Segment Start: INFORMATION GIVEN

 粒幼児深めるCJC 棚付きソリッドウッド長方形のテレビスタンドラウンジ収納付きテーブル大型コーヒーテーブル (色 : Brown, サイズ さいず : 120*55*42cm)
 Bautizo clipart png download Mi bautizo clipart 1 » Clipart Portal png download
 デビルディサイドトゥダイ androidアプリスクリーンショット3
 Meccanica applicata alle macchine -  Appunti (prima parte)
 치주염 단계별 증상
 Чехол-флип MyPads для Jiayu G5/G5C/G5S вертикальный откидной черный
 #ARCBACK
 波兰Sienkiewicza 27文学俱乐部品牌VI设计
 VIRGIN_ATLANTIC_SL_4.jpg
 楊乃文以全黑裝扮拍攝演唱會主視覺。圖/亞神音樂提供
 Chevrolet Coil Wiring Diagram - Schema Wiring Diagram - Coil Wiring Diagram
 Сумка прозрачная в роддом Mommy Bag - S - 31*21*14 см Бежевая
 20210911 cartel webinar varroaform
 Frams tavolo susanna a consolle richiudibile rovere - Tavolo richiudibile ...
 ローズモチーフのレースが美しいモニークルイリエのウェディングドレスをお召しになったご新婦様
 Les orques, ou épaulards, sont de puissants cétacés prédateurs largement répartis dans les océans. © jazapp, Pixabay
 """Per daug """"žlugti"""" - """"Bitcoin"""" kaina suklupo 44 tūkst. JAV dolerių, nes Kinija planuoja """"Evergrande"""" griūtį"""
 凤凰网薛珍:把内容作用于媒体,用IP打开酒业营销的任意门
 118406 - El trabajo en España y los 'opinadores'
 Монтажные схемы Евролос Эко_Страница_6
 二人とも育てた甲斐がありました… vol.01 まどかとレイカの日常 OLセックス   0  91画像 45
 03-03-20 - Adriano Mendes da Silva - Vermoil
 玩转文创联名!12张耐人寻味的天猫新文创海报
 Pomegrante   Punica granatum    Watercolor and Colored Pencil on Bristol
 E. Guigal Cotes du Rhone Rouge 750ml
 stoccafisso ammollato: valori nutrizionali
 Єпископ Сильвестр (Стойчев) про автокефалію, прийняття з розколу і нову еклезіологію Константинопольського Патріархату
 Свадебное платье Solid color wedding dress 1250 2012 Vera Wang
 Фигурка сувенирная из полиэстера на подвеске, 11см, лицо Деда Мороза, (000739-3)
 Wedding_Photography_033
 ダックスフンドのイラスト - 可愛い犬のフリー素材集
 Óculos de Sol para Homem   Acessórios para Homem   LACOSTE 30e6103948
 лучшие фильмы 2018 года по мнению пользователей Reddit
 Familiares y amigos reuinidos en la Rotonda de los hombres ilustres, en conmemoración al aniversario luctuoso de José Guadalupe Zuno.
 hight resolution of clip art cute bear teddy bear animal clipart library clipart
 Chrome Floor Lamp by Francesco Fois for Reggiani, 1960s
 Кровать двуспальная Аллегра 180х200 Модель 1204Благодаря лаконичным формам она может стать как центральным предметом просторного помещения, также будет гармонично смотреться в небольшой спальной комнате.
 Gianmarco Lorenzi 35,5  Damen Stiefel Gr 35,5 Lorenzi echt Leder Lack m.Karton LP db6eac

Segment End: INFORMATION GIVEN

Starting at the line that contains "Pencil on Bristol", print every line through the last one of the records, exactly and with nothing else.

### [ANSWER TO THIS TASK]
 Pomegrante   Punica granatum    Watercolor and Colored Pencil on Bristol
 E. Guigal Cotes du Rhone Rouge 750ml
 stoccafisso ammollato: valori nutrizionali
 Єпископ Сильвестр (Стойчев) про автокефалію, прийняття з розколу і нову еклезіологію Константинопольського Патріархату
 Свадебное платье Solid color wedding dress 1250 2012 Vera Wang
 Фигурка сувенирная из полиэстера на подвеске, 11см, лицо Деда Мороза, (000739-3)
 Wedding_Photography_033
 ダックスフンドのイラスト - 可愛い犬のフリー素材集
 Óculos de Sol para Homem   Acessórios para Homem   LACOSTE 30e6103948
 лучшие фильмы 2018 года по мнению пользователей Reddit
 Familiares y amigos reuinidos en la Rotonda de los hombres ilustres, en conmemoración al aniversario luctuoso de José Guadalupe Zuno.
 hight resolution of clip art cute bear teddy bear animal clipart library clipart
 Chrome Floor Lamp by Francesco Fois for Reggiani, 1960s
 Кровать двуспальная Аллегра 180х200 Модель 1204Благодаря лаконичным формам она может стать как центральным предметом просторного помещения, также будет гармонично смотреться в небольшой спальной комнате.
 Gianmarco Lorenzi 35,5  Damen Stiefel Gr 35,5 Lorenzi echt Leder Lack m.Karton LP db6eac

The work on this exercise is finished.